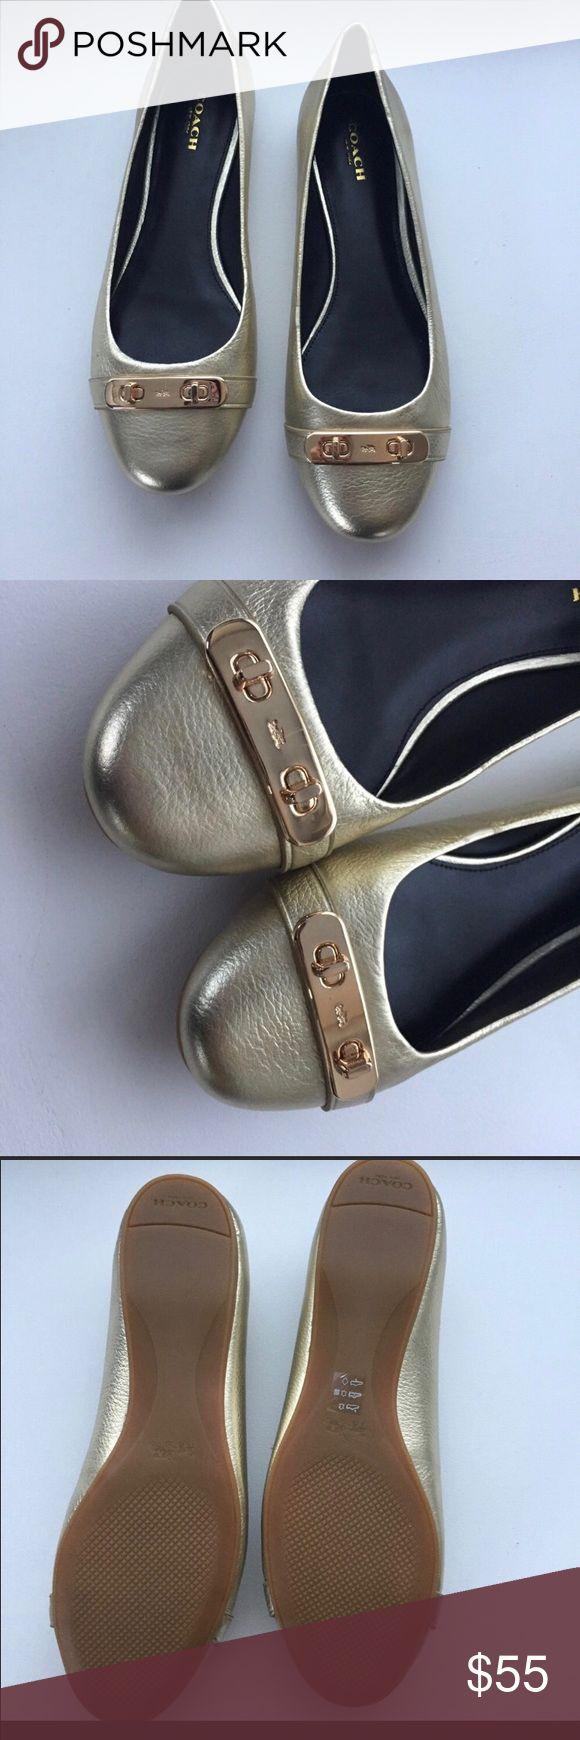 NWOT COACH gold ballet flats. Size 8 NWOT COACH gold ballet flats. Beautiful gold shoe, with gold plate detail. Size 8. Coach Shoes Flats & Loafers
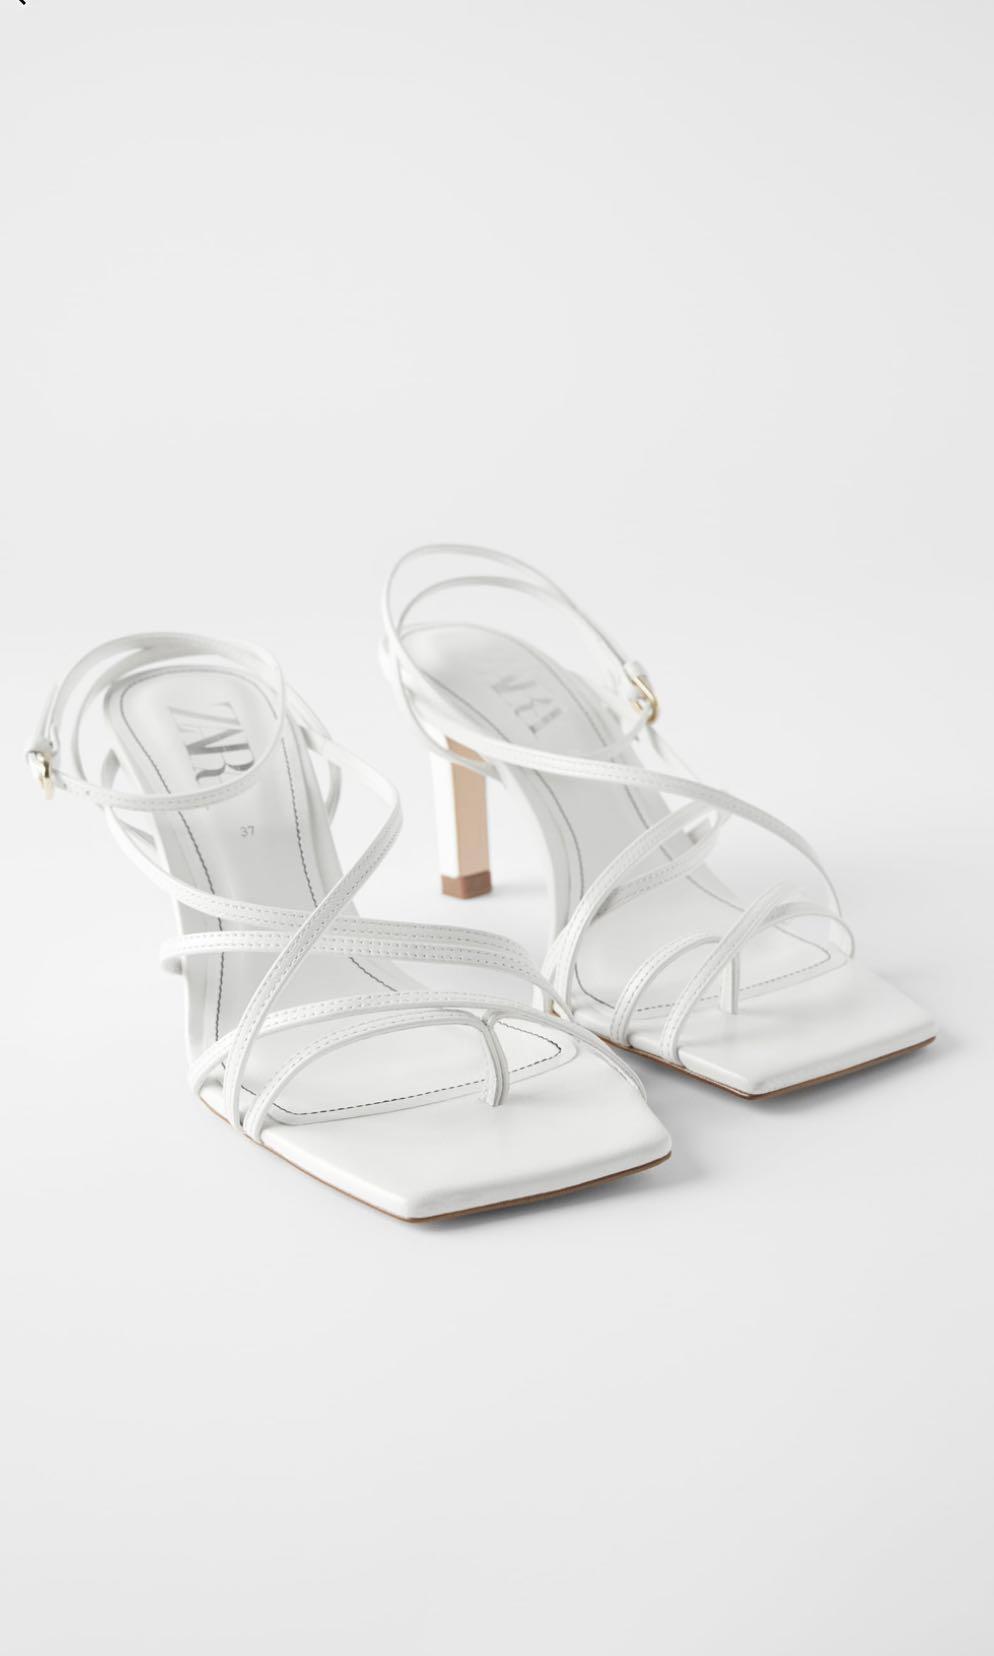 Zara white strappy open toed sandals
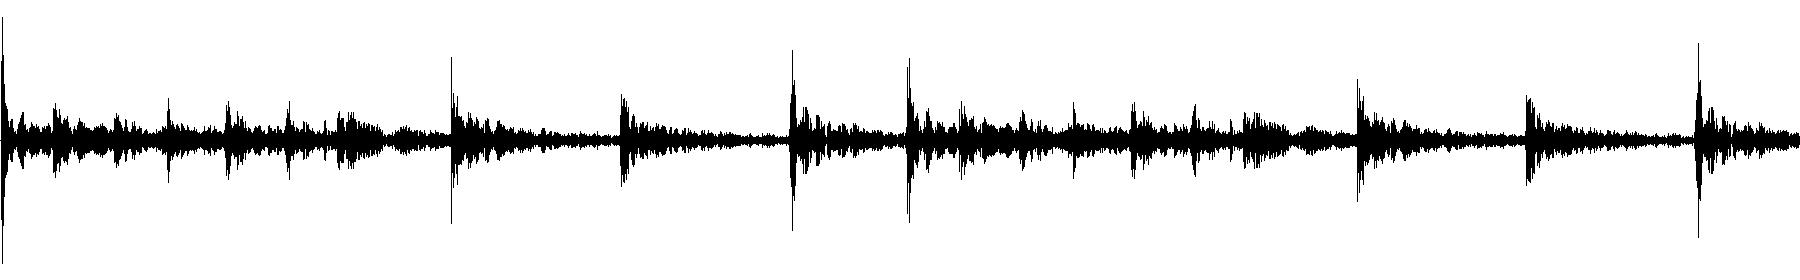 blbc cinedrumsb 95 03
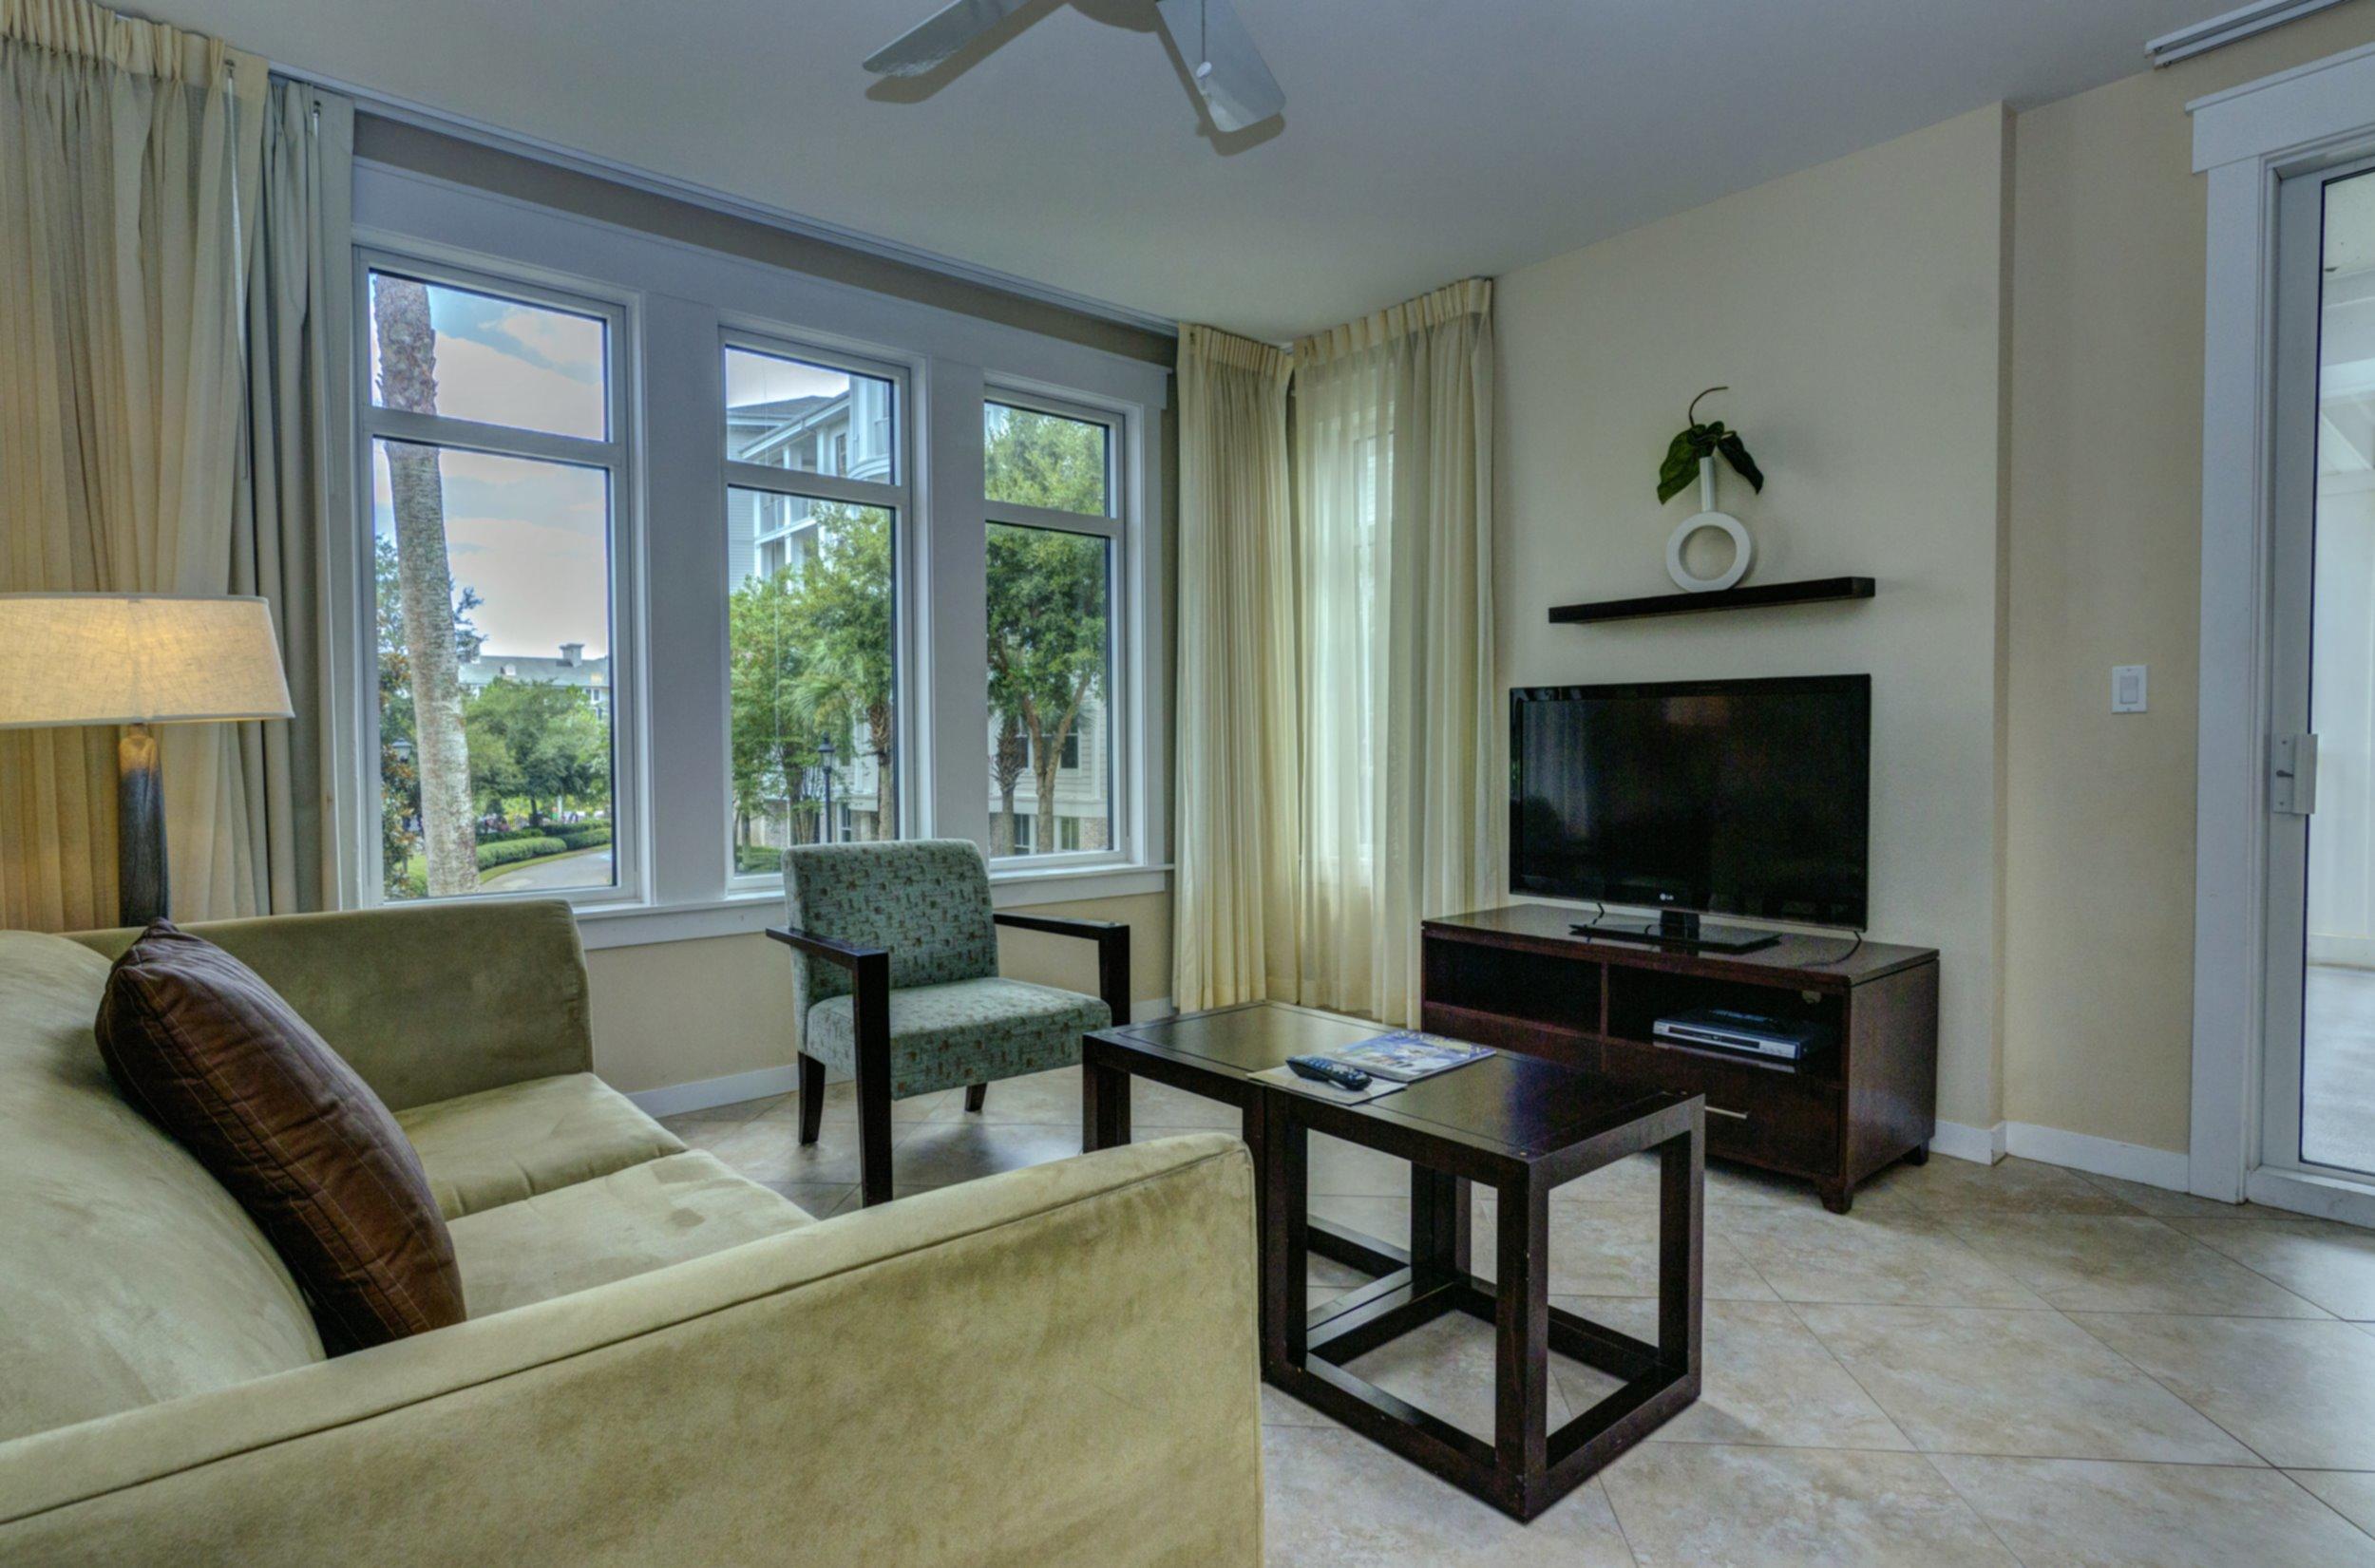 A 2 Bedroom 2 Bedroom Elation Condominium

----

WORK REQUEST:
Take the line containing "blbc cinedrumsb 95 03" and every line after it through the end of the data, and write them out exactly, with no pictures.

EXERCISE OUTPUT:
 blbc cinedrumsb 95 03
 A 2 Bedroom 2 Bedroom Elation Condominium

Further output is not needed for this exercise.